The 免费的梯子加速 team has been working hard on moving our primary listen store from InfluxDB to TimescaleDB, and today at UTC 16:00 we’re going to make the switch.
We were asked on Twitter as to why we’re making the switch — and in the interest of giving a real world use case for switching, I’m writing this post. The reasons are numerous:
Openness: InfluxDB seems on a path that will make it less open over time. TimescaleDB and its dependence on Postgres makes us feel much safer in this regard.
Existing use: We’ve been using Postgres for about 18 years now and it has been a reliable workhorse for us. Our team thinks in terms of Postgres and InfluxDB always felt like a round peg in a square hole for us.
Data structure: InfluxDB was clearly designed to store server event info. We’re storing listen information, which has a slightly different usage pattern, but this slight difference is enough for us to hit a brick wall with far fewer users in our DB than we ever anticipated. InfluxDB is simply not flexible enough for our needs.
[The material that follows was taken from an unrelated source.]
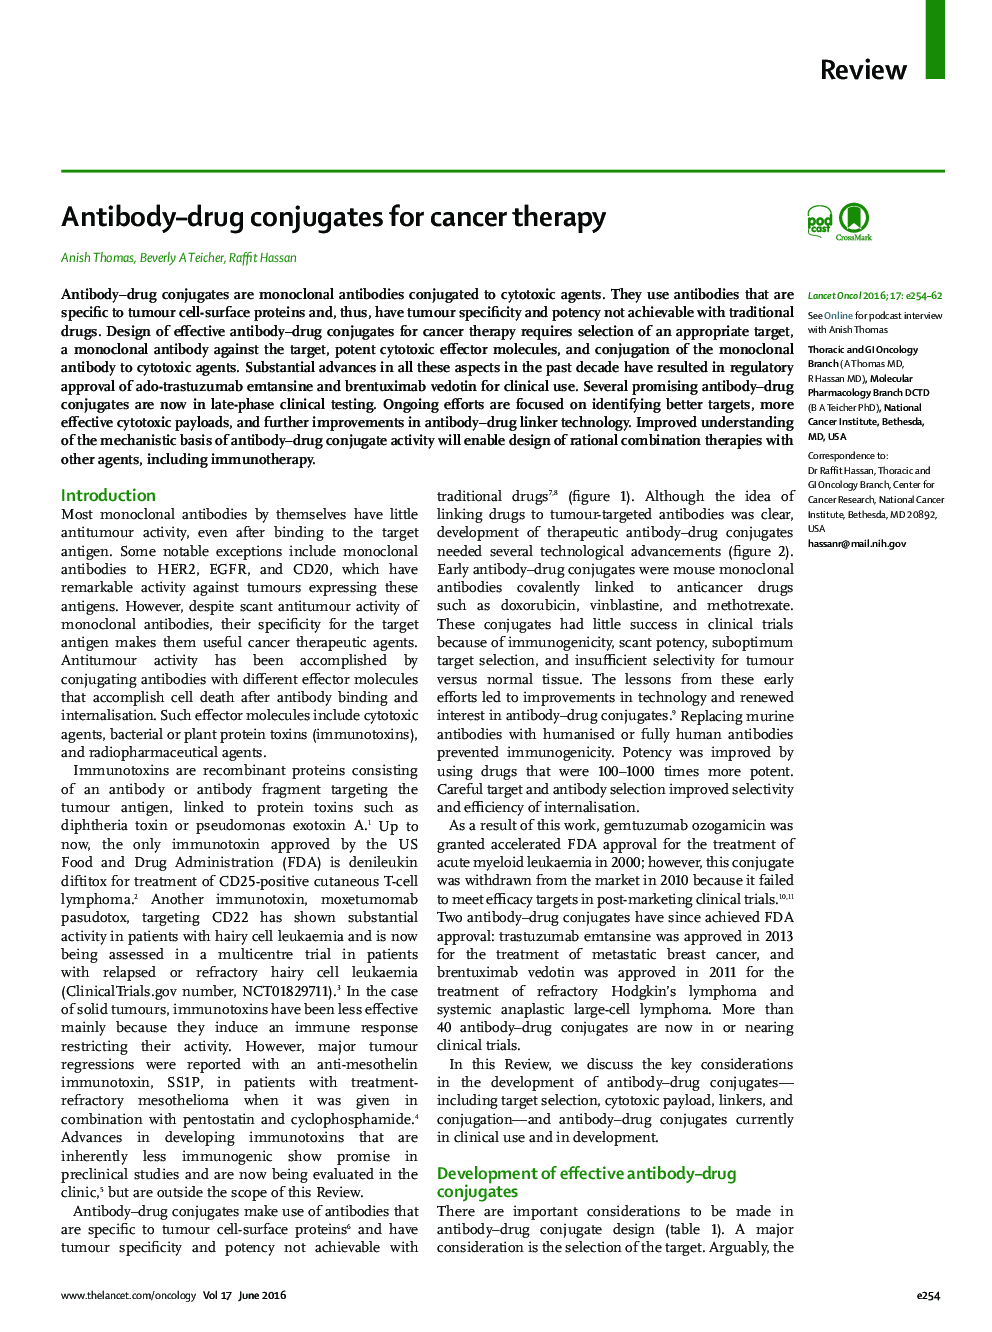 Antibody–drug conjugates for cancer therapy
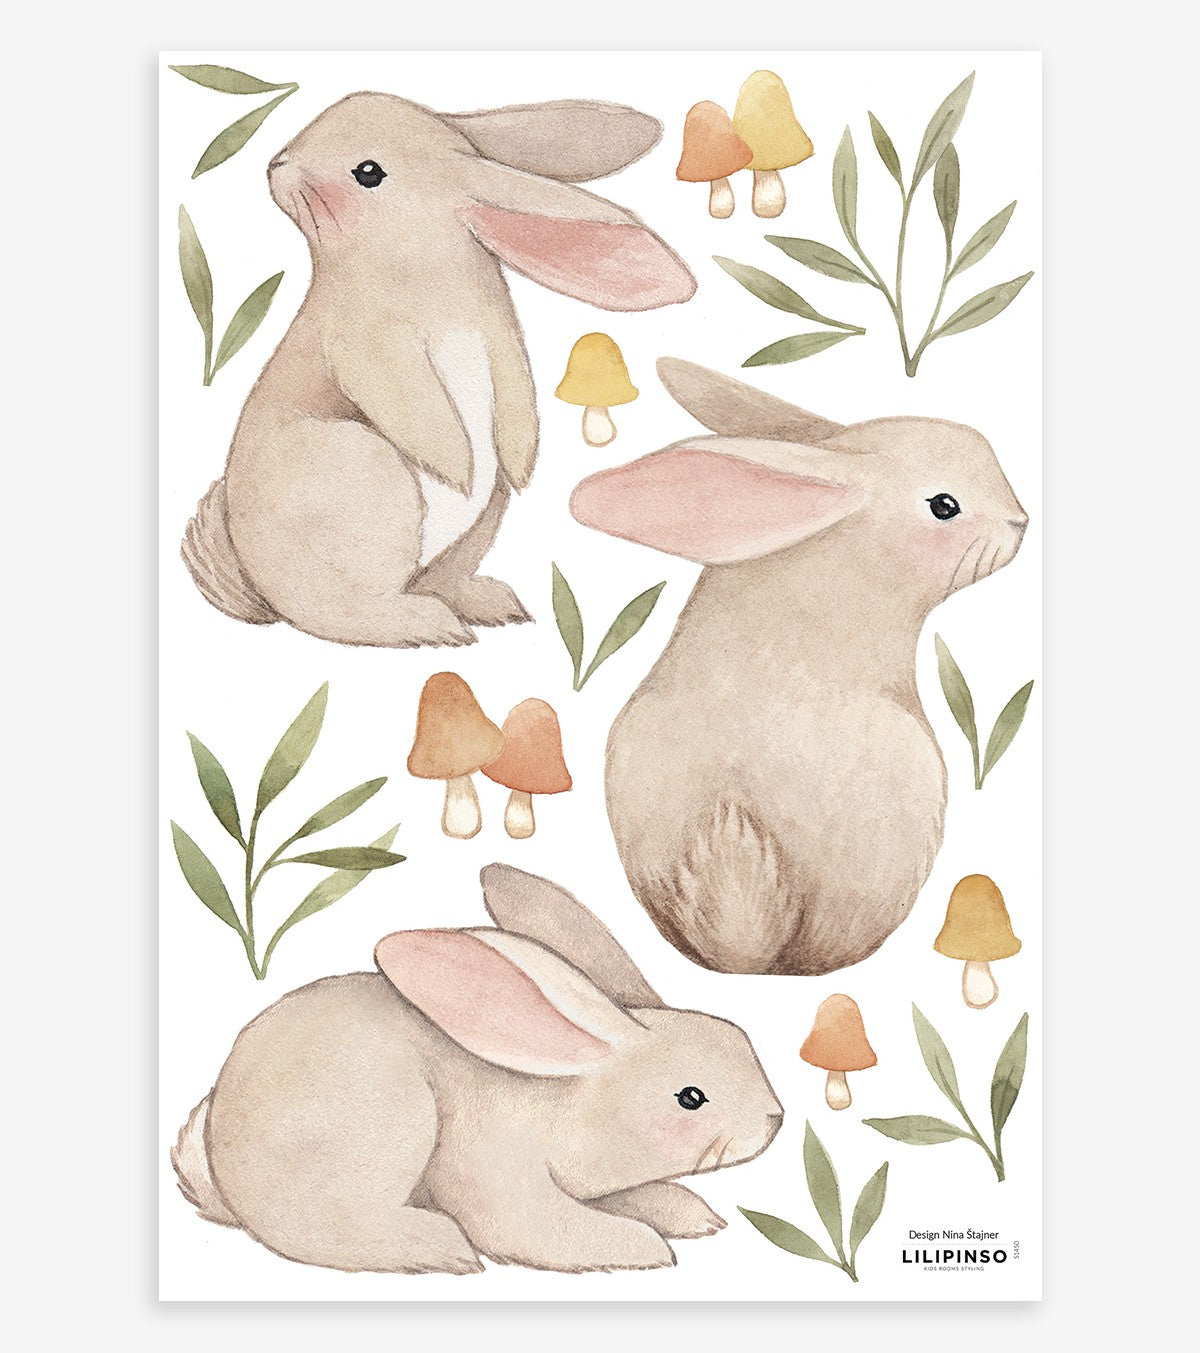 FOREST - Stickers muraux - Les lapins

Query syntax and measurement names: The syntax to query InfluxDB is weird and obfuscated. We made the mistake of trying to have a measurement map to a user, but escaping measurement names correctly nearly drove one of our team members to the loonie bin.
Existing data: If you ever write bad data to a measurement in InfluxDB, there is no way to change it. I realize that this is a common Big Data usage pattern, but for us it represented significant challenges and serious restrictions to put simple features for our users into place. With TimescaleDB we can make the very occasional UPDATE or DELETE and move on.
Scalability: Even though we attempted to read as much as possible in order to design a scalable schema, we still failed and got it wrong. (I don’t even think that the docs to calculate scalability even existed when we first started using InfluxDB.) Unless you are using InfluxDB in exactly the way it was meant to be used, there are chances you’ll hit this problem as well. For us, one day insert speed dropped to a ridiculously low number per second, backing up our systems. Digging into the problem we realized that our schema design had a fatal flaw and that we would have drastically change the schema to something even less intuitive in order to fix it. This was the event that broke the camel’s back and I started searching for alternatives.
In moving to TimescaleDB we were able to delete a ton of complicated code and embrace a DB that we know and love. We know how Postgres scales, we know how to put it into production and we know its caveats. TimescaleDB allows us to be flexible with the data and the amazing queries that can be performed on the data is pure Postgres love. TimescaleDB still requires some careful thinking over using Postgres, it is far less than what is required when using InfluxDB. TimescaleDB also gives us a clear scaling path forward, even when TimescaleDB is still working on their own scaling roadmap. If TimescaleDB evolves anything like Postgres has, I can’t wait to see this evolution.